LabVIEW

I had the same problem with the FPGA PID vi.  I thought it was due to a few minor changes I made to the code, but it could be the original code.

The way to solve it is to convert the Express vi to a regular vi so you can edit it.  Create a 30 MHz clock.  Inside the PID code you will find a Timed Loop.  Change the clock for that loop to the new 30 MHz clock.  Problem fixed.

Bruce

Thanks for the tip, Bruce.

That could definitely come in handy...  but there's probably no way to set it up as a subvi so that it runs at 80 MHz...  right?

No way for it to work at 80 MHz.  The vi is currently set up to run through the SCTL loop three times at 40 MHz for each PID.  I think the timing is tight each time through the loop, which is why reducing the speed to 30 MHz fixes the problem..
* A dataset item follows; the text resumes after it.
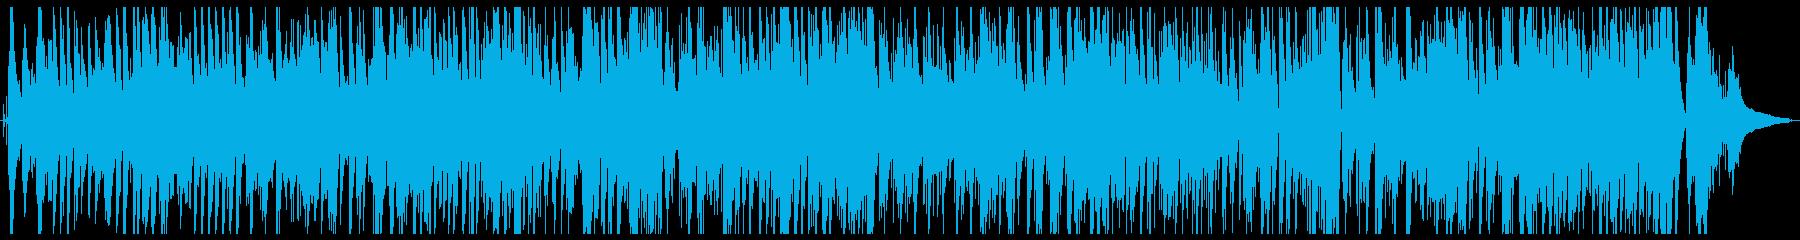 バー、ラウンジ優しくゆったり聴けるジャズの再生済みの波形
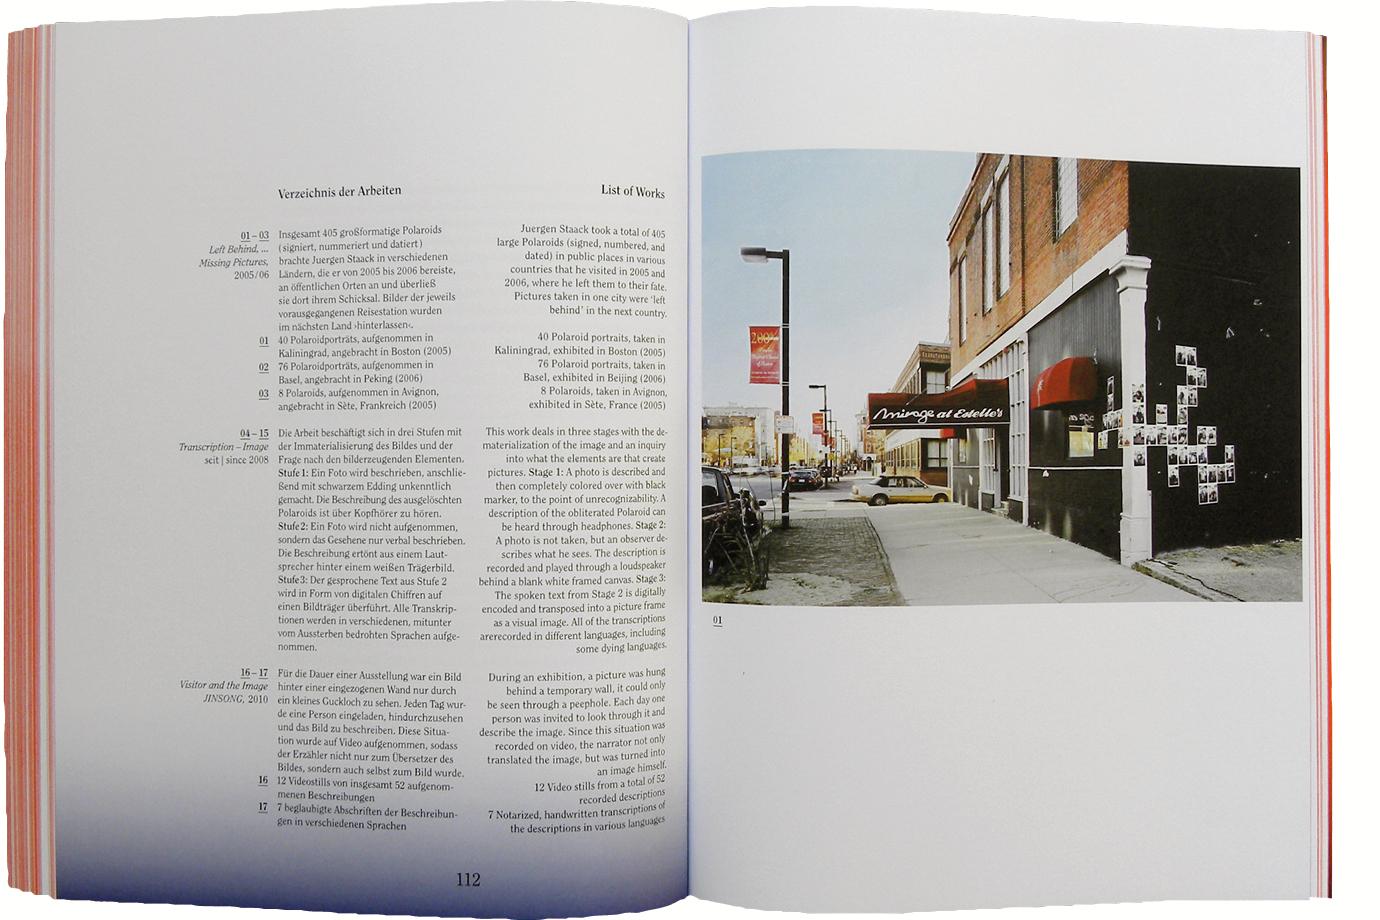 http://e-o-t.de/wordpress/wp-content/uploads/2017/07/eot-2011_Ars-Viva_Book_15.jpg

The only way to get 80 MHz would be to write your own PID, if it was a simple version.  Even then, it would be difficult.  You really can't get much done in a single cycle at 80 MHz.

Bruce

The details of FPGAs are not my area of expertise, but I was curious and did some web searching.  There appear to be two common ways to generate a higher-frequency clock: a PLL (Phase-Locked Loop), or a DLL (Delay-Locked Loop).  A quick web search turned up a useful introduction from an FPGA vendor: http://www.altera.com/support/devices/pll_clock/basics/pll-basics.html.  There's also an application note from Xilinx about Digital Clock Managers (I'm lost after the first few pages, but it does provide an idea of what clock manipulation is possible).  The specifications for the FPGA board includes values for frequency-dependent jitter, which I think will answer your question about derived clock accuracy.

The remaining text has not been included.